*About this exercise:* Return the data below unchanged, without images.

*Data shown:*
——————————

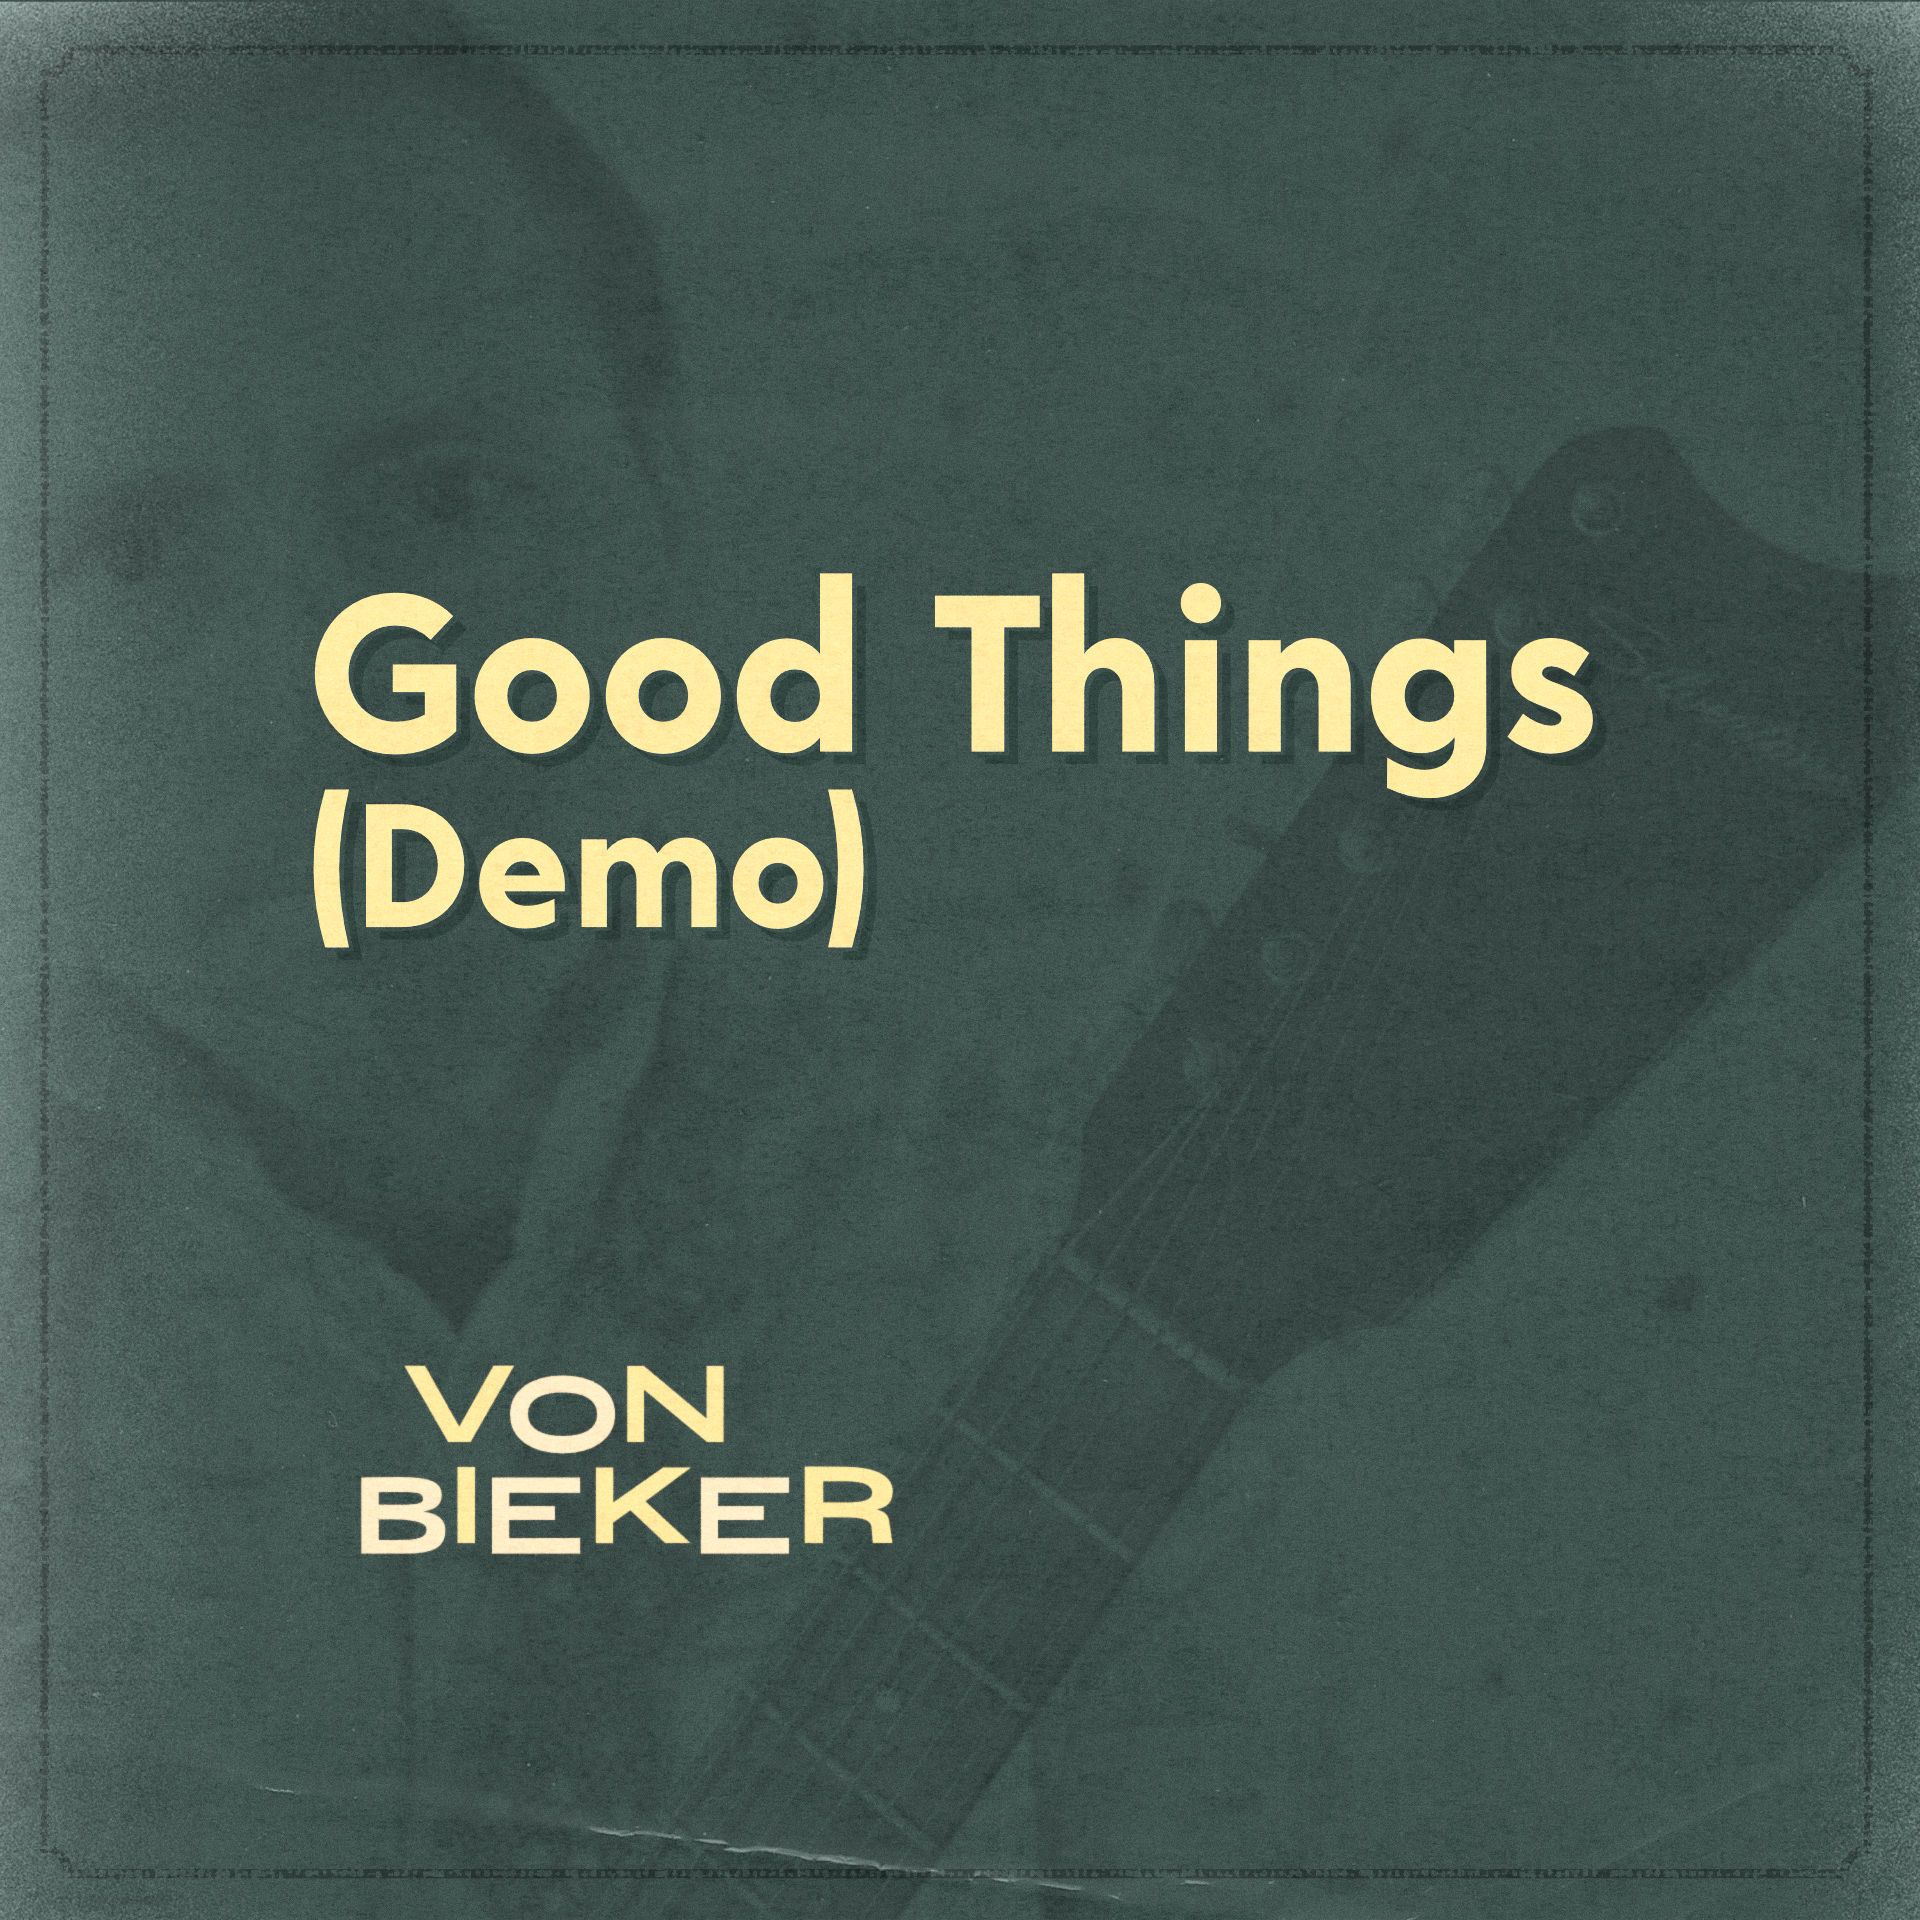 Good Things (early demo) 🎵
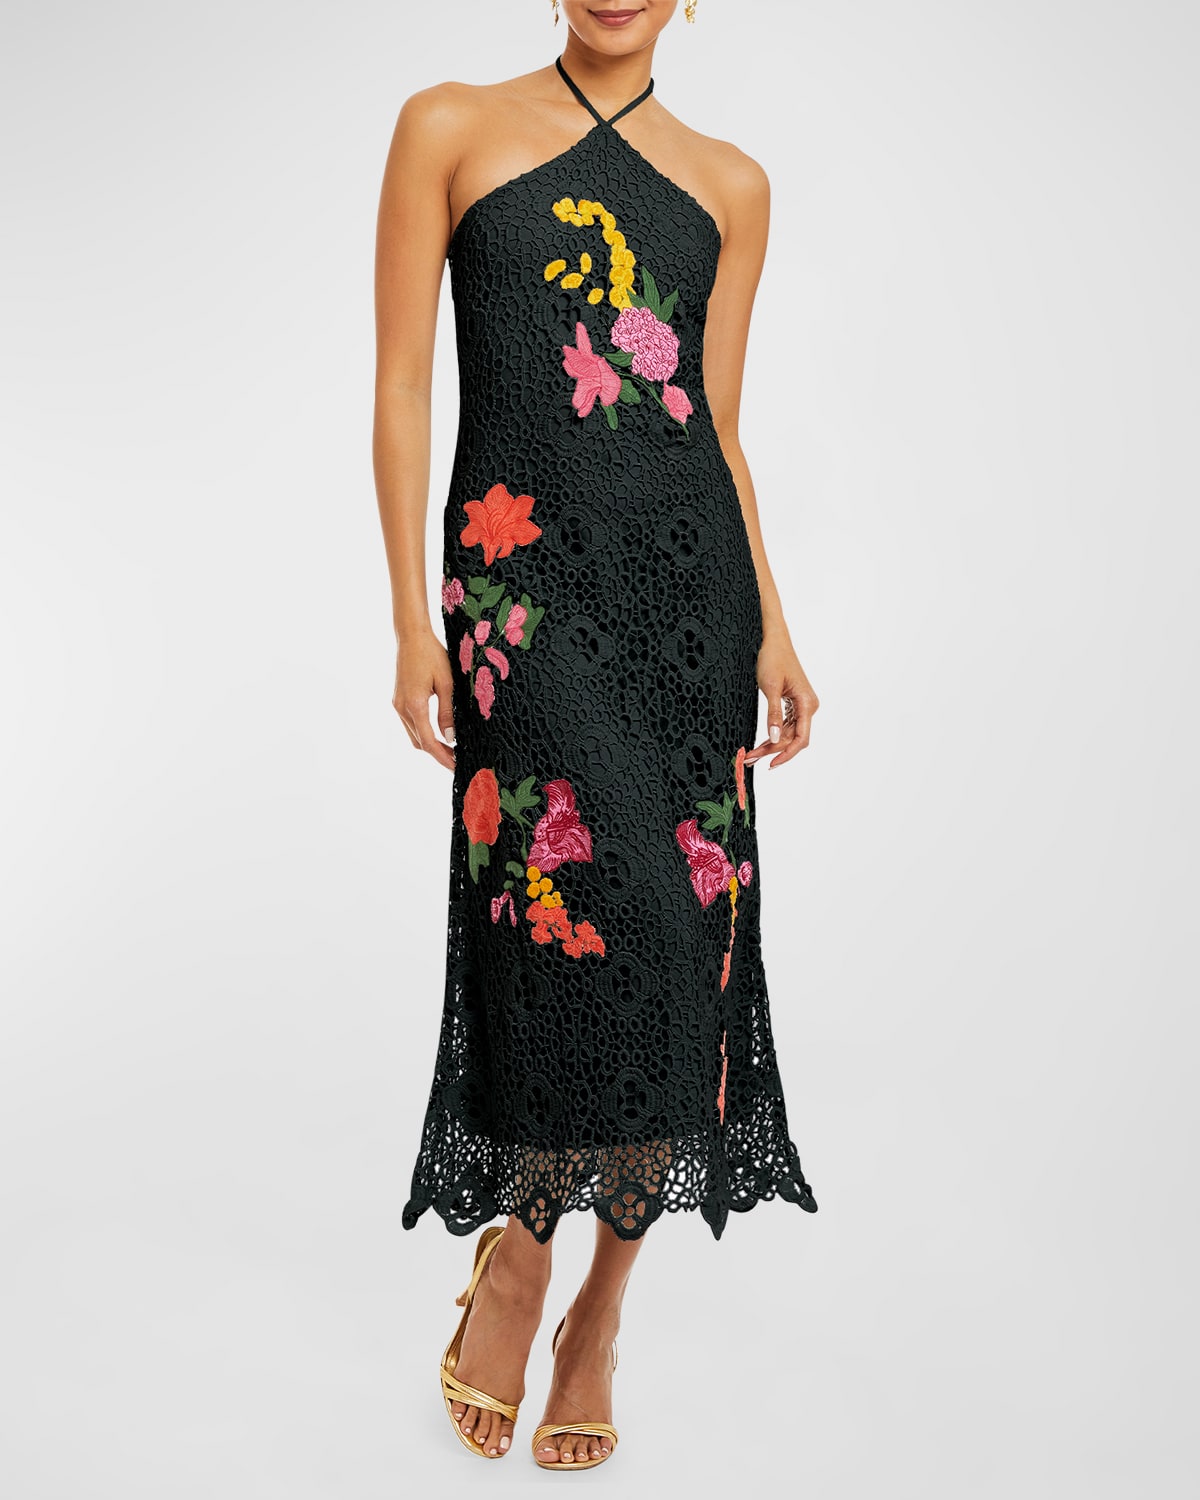 MESTIZA NEW YORK CROCHET LACE HALTER MIDI DRESS WITH EMBROIDERED FLOWERS
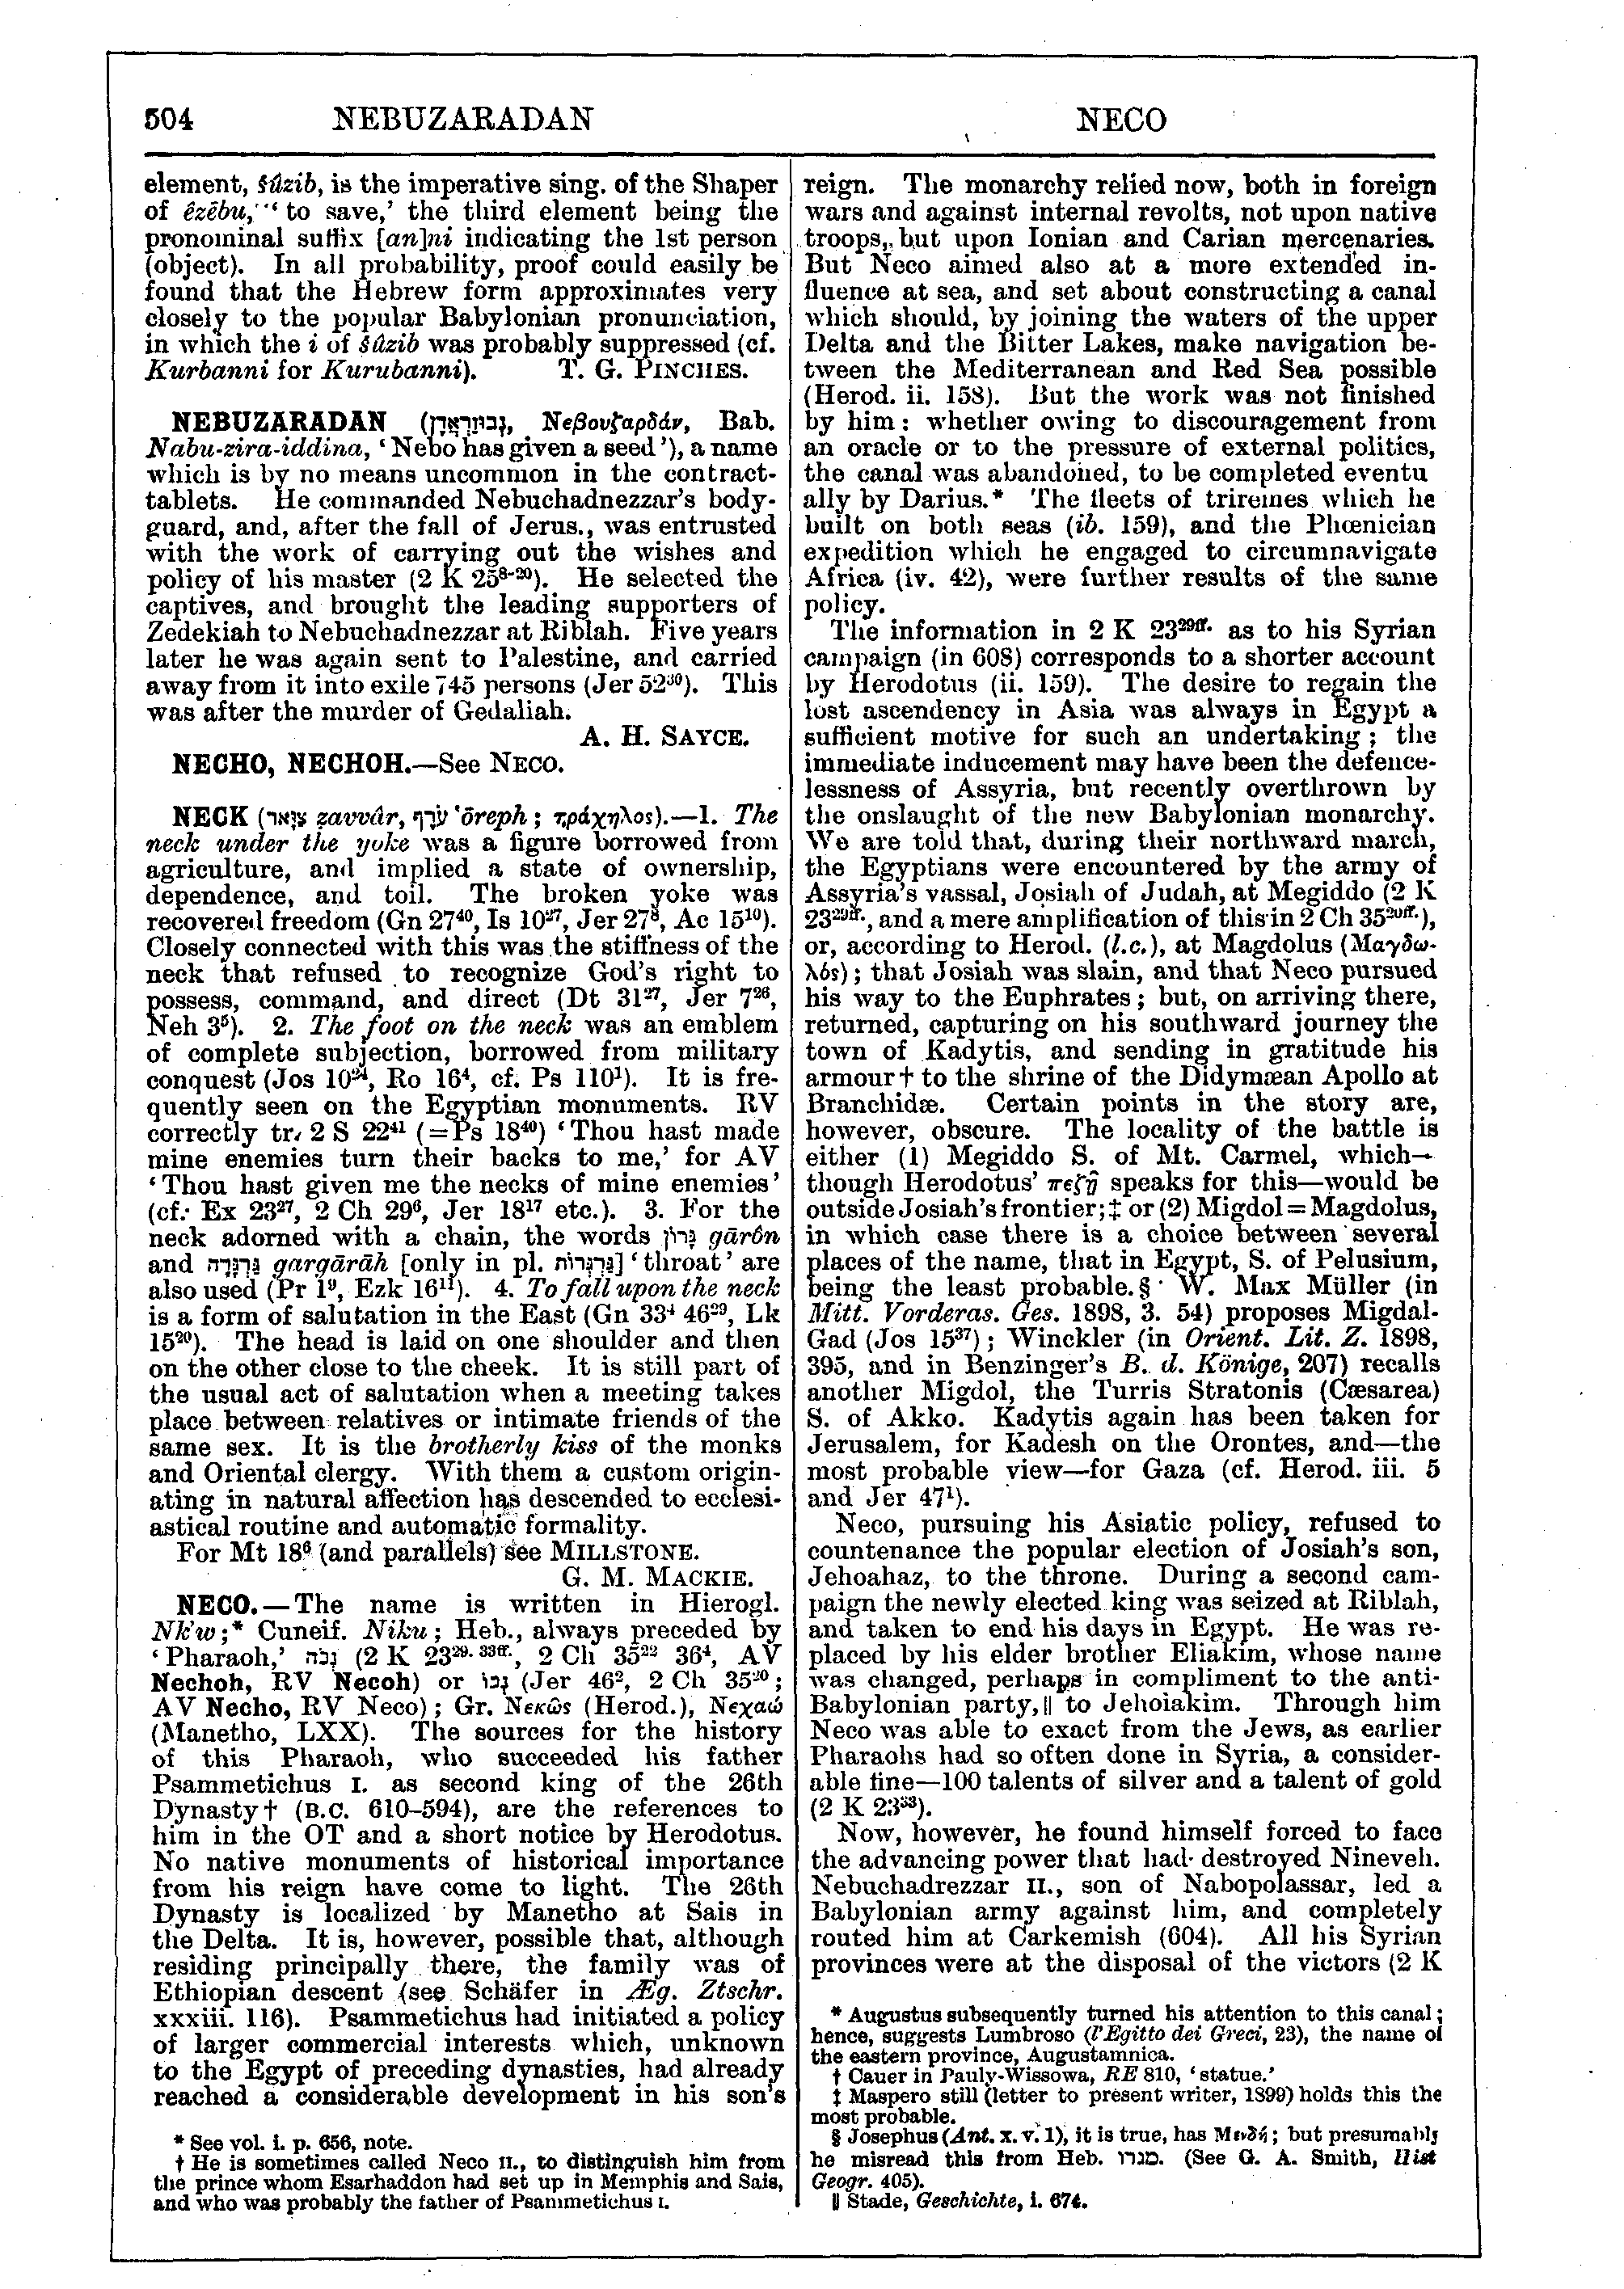 Image of page 504

——————————

*Answer for this exercise:*
 Good Things (early demo) 🎵
 MESTIZA NEW YORK CROCHET LACE HALTER MIDI DRESS WITH EMBROIDERED FLOWERS
 Image of page 504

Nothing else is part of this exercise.